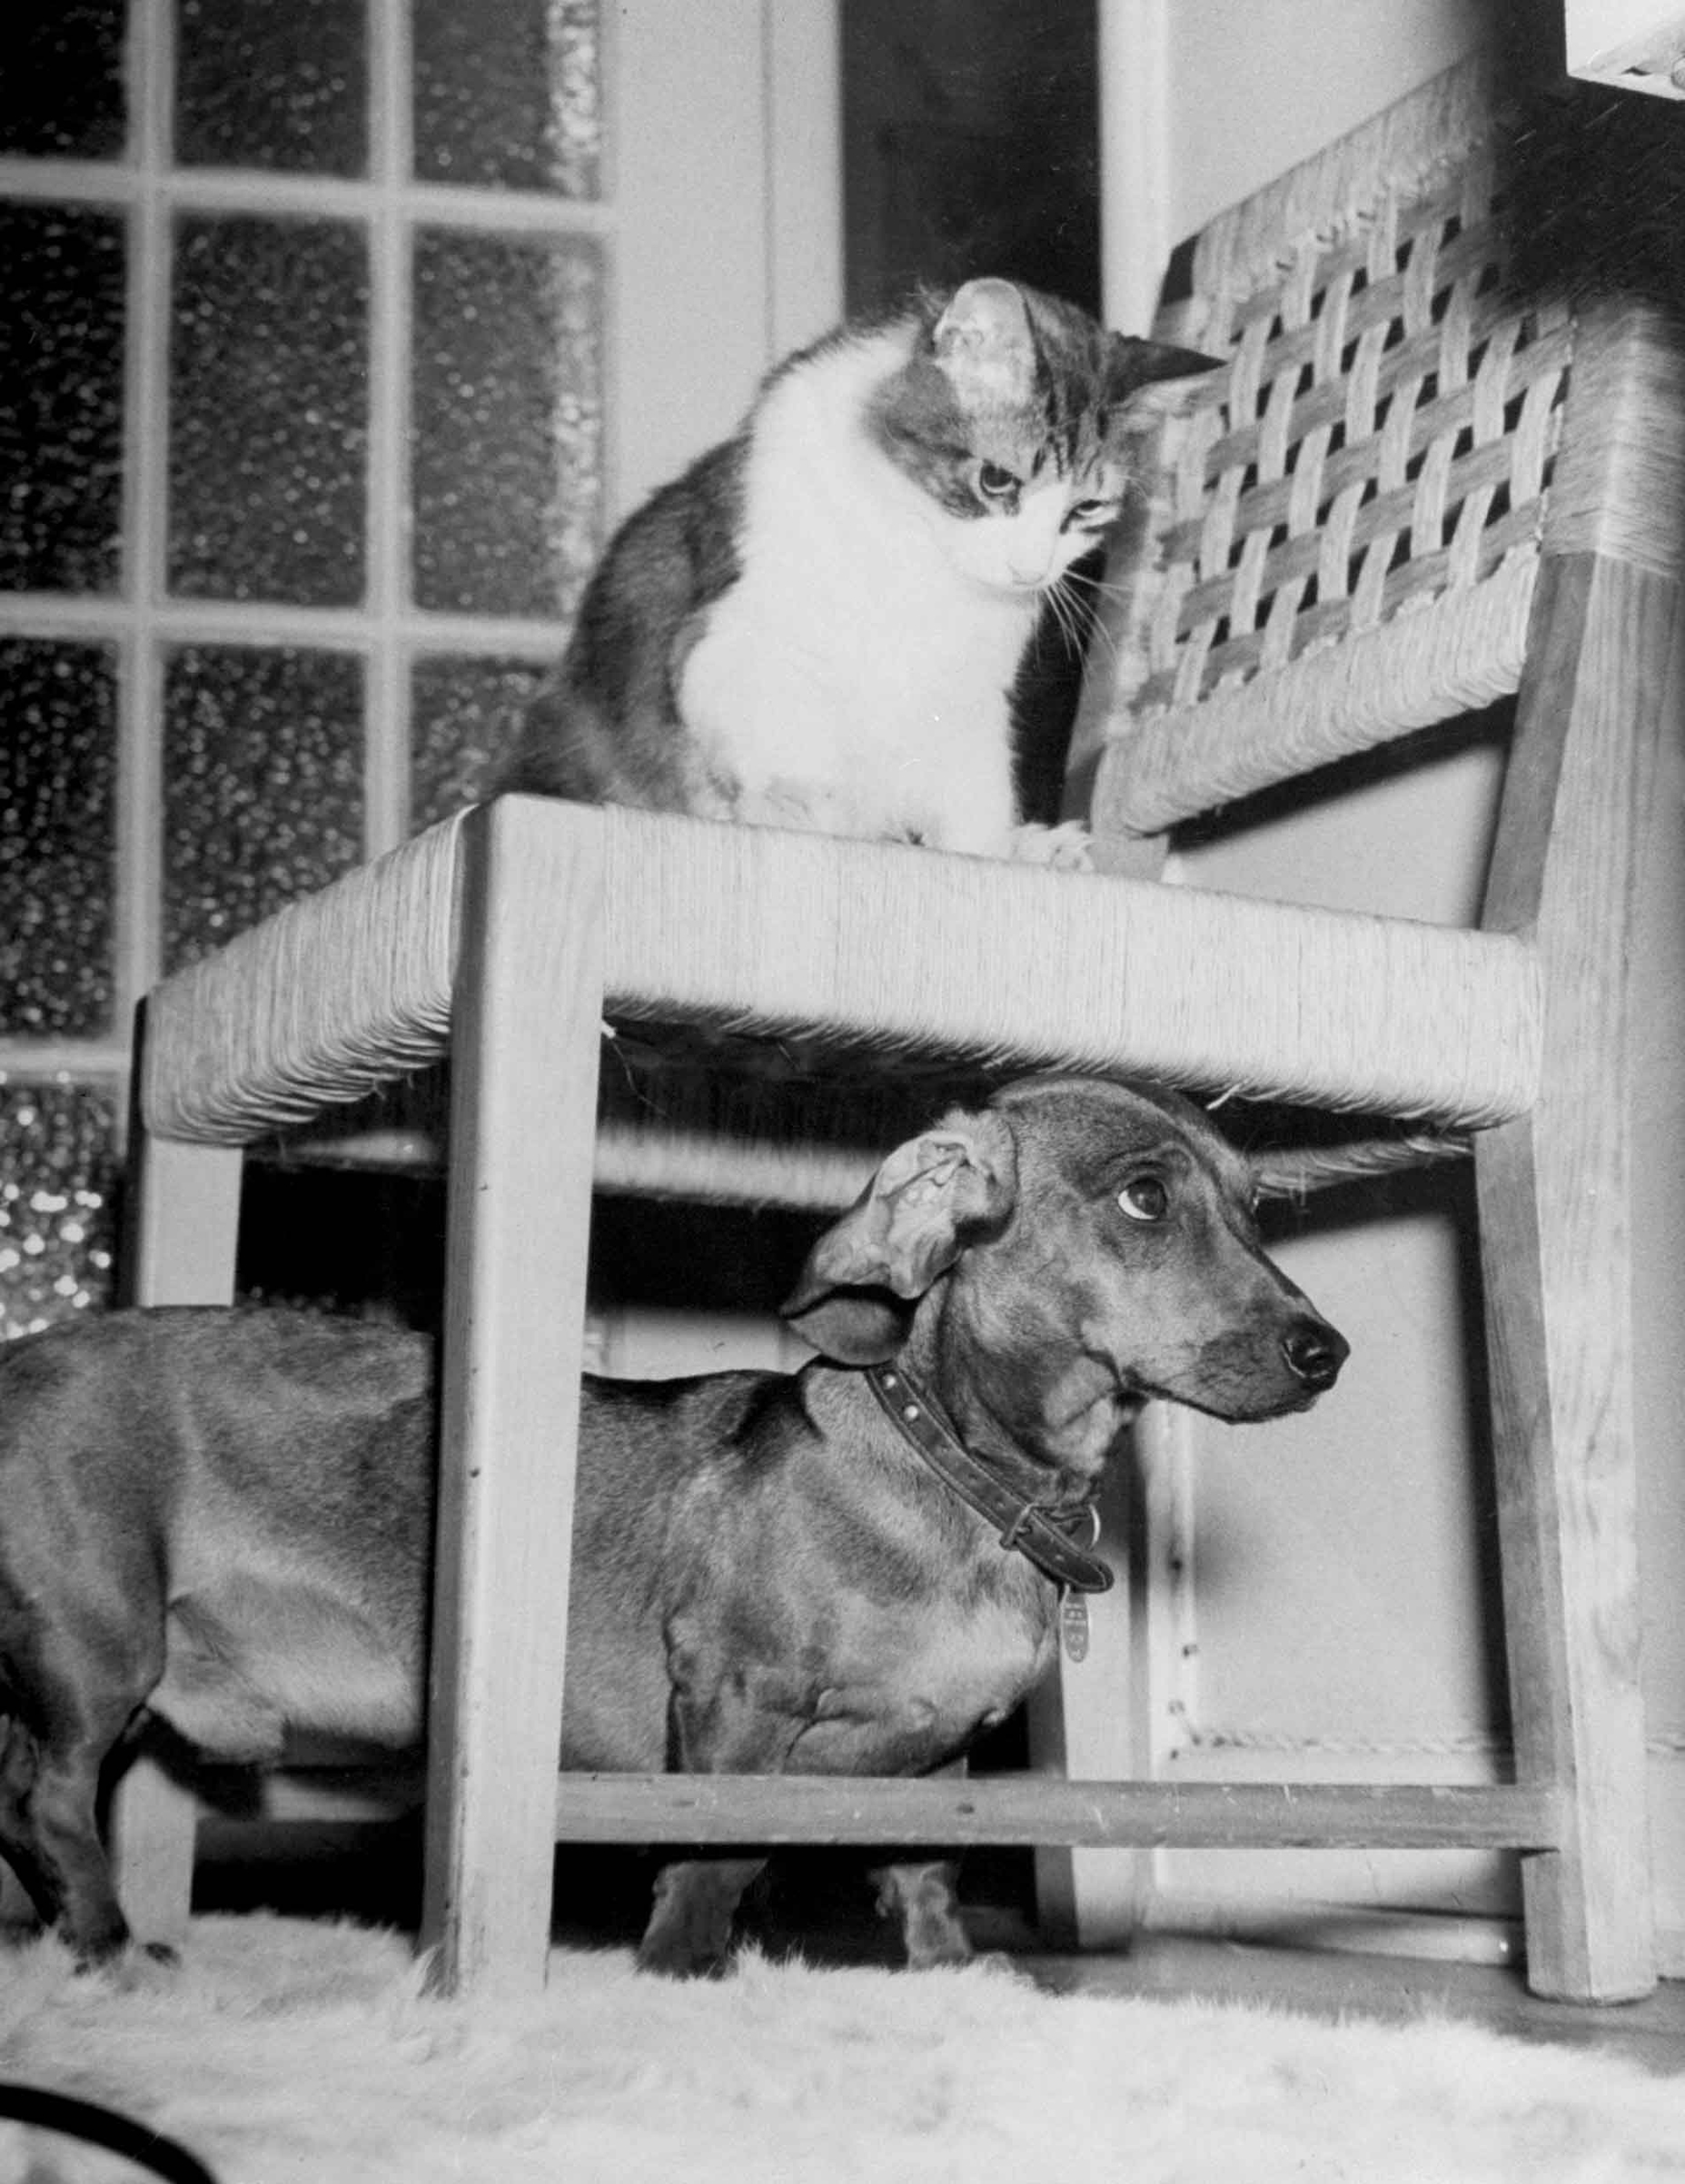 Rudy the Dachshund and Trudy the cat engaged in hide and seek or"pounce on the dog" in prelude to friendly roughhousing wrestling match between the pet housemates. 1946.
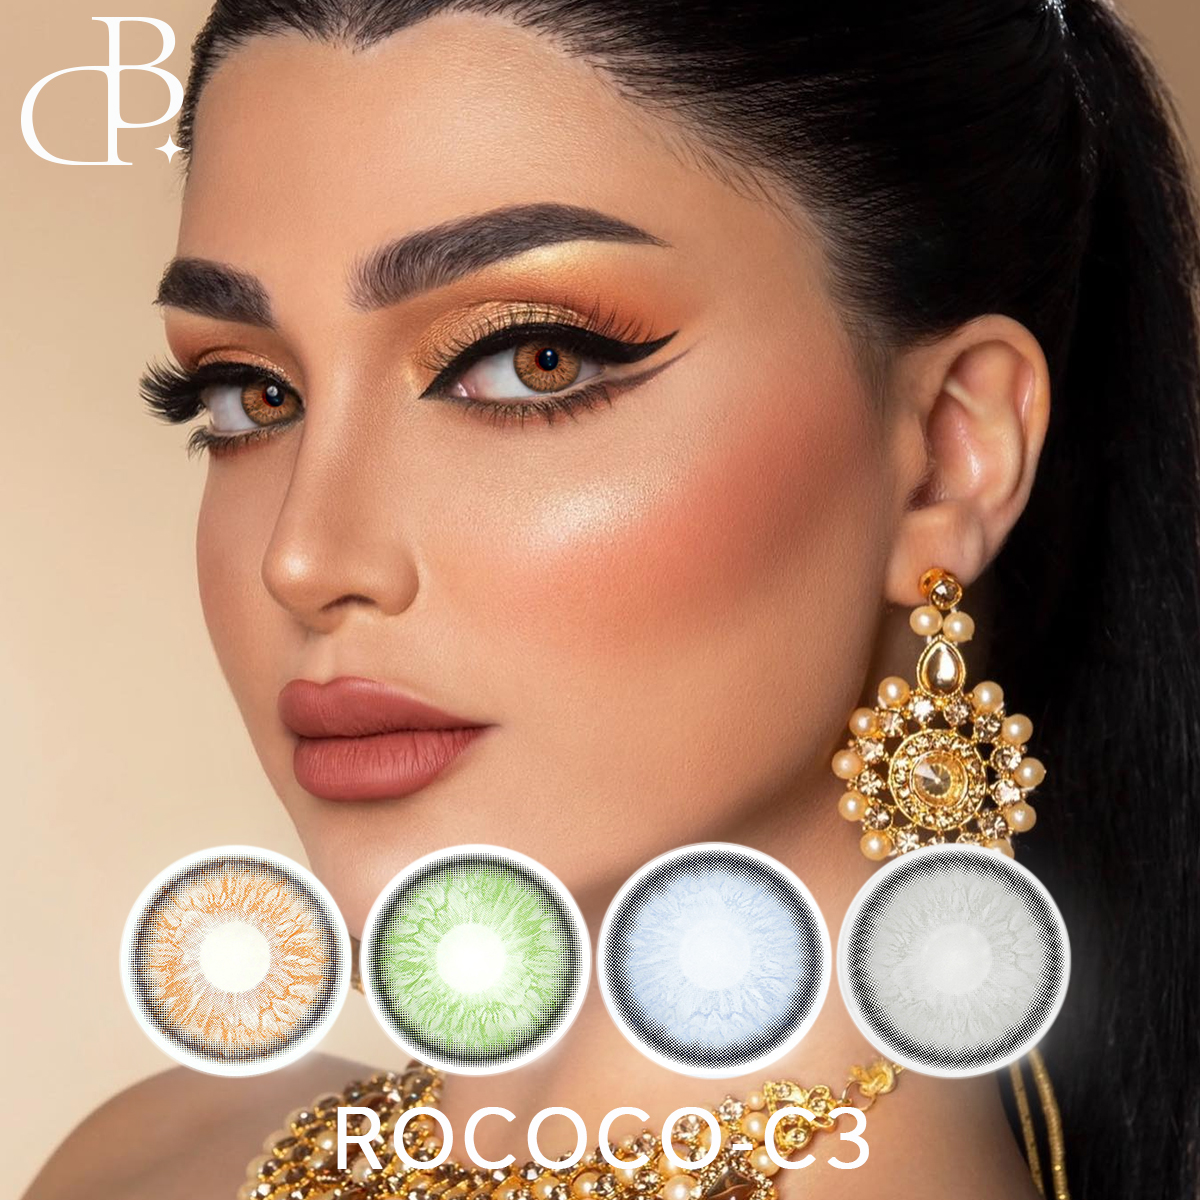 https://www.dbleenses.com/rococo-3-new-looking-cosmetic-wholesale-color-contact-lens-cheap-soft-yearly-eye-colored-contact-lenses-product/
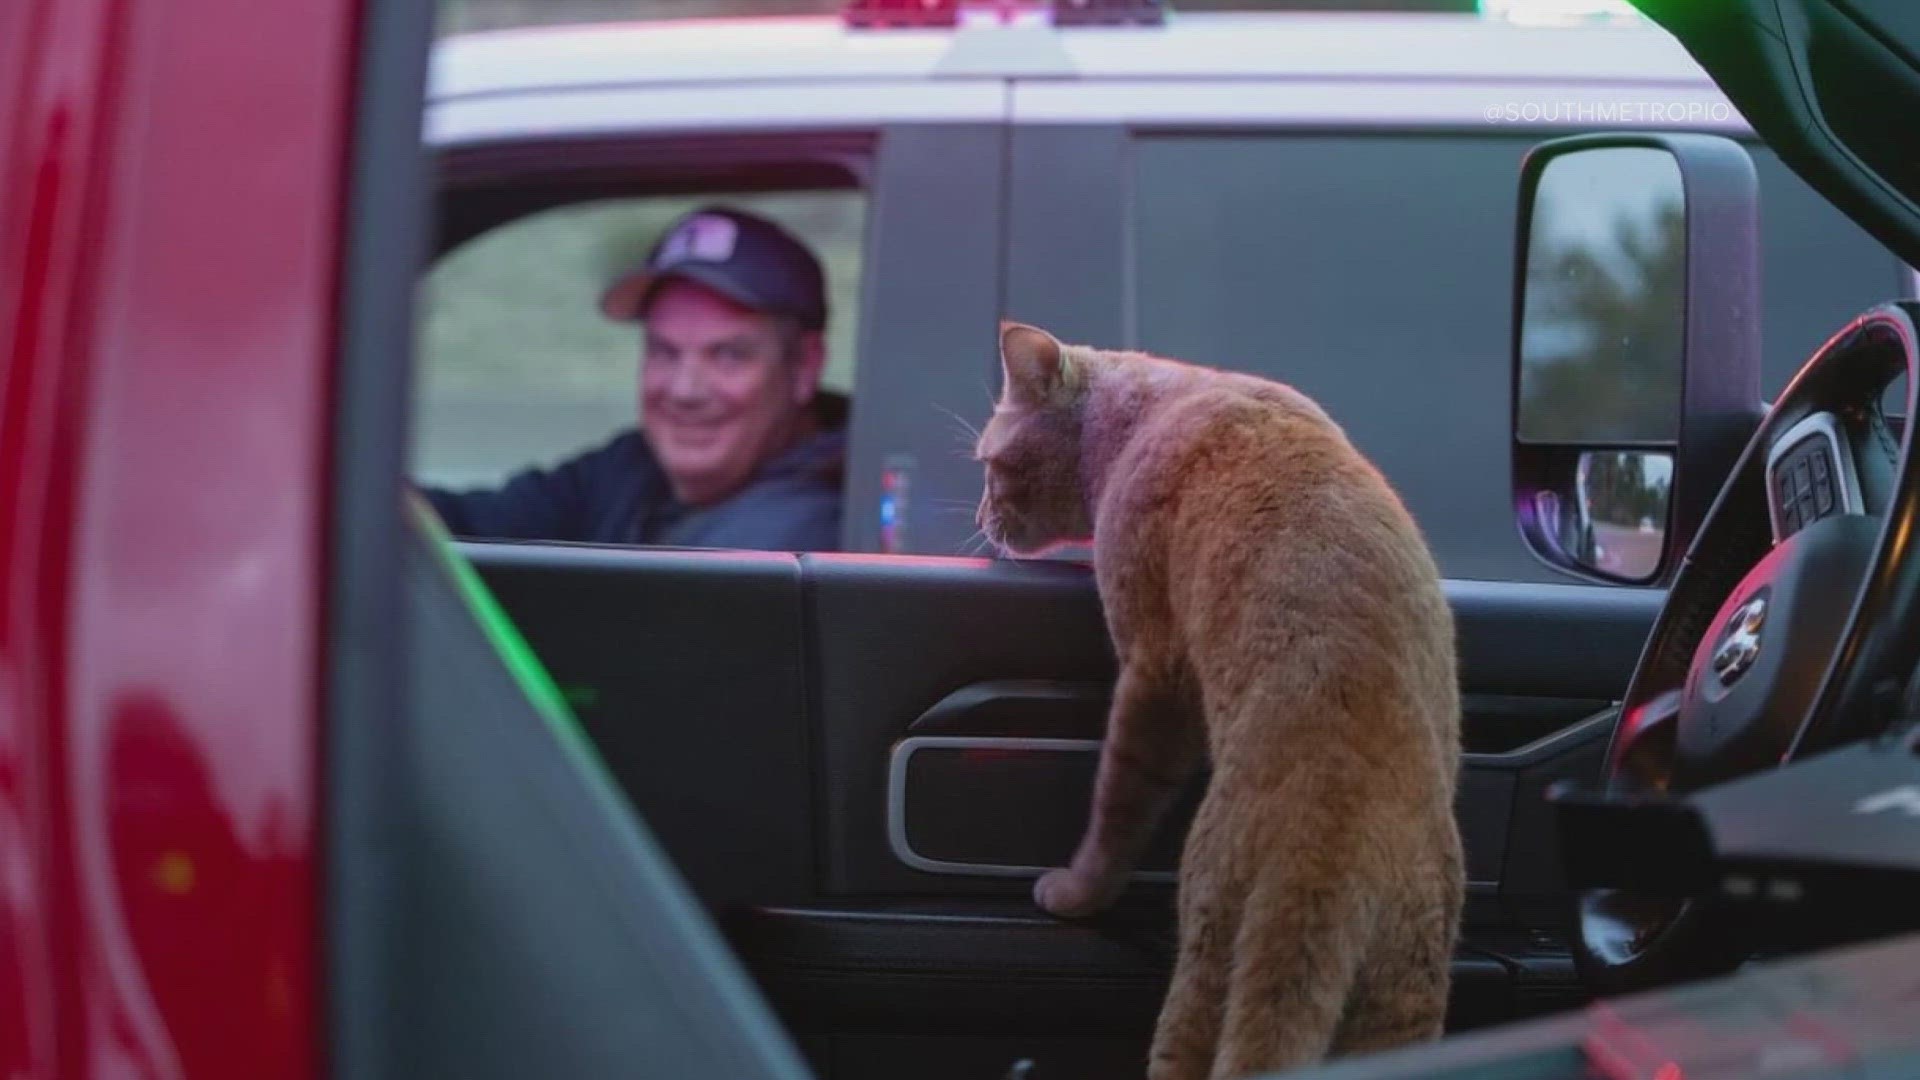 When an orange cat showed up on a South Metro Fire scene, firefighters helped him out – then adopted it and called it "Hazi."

- [Task to carry out]: All of the data must be repeated exactly, except for the pictures.

- [Your response]:
 Rudy the Dachshund and Trudy the cat engaged in hide and seek or"pounce on the dog" in prelude to friendly roughhousing wrestling match between the pet housemates. 1946.
 https://www.dbleenses.com/rococo-3-new-looking-cosmetic-wholesale-color-contact-lens-cheap-soft-yearly-eye-colored-contact-lenses-product/
 When an orange cat showed up on a South Metro Fire scene, firefighters helped him out – then adopted it and called it "Hazi."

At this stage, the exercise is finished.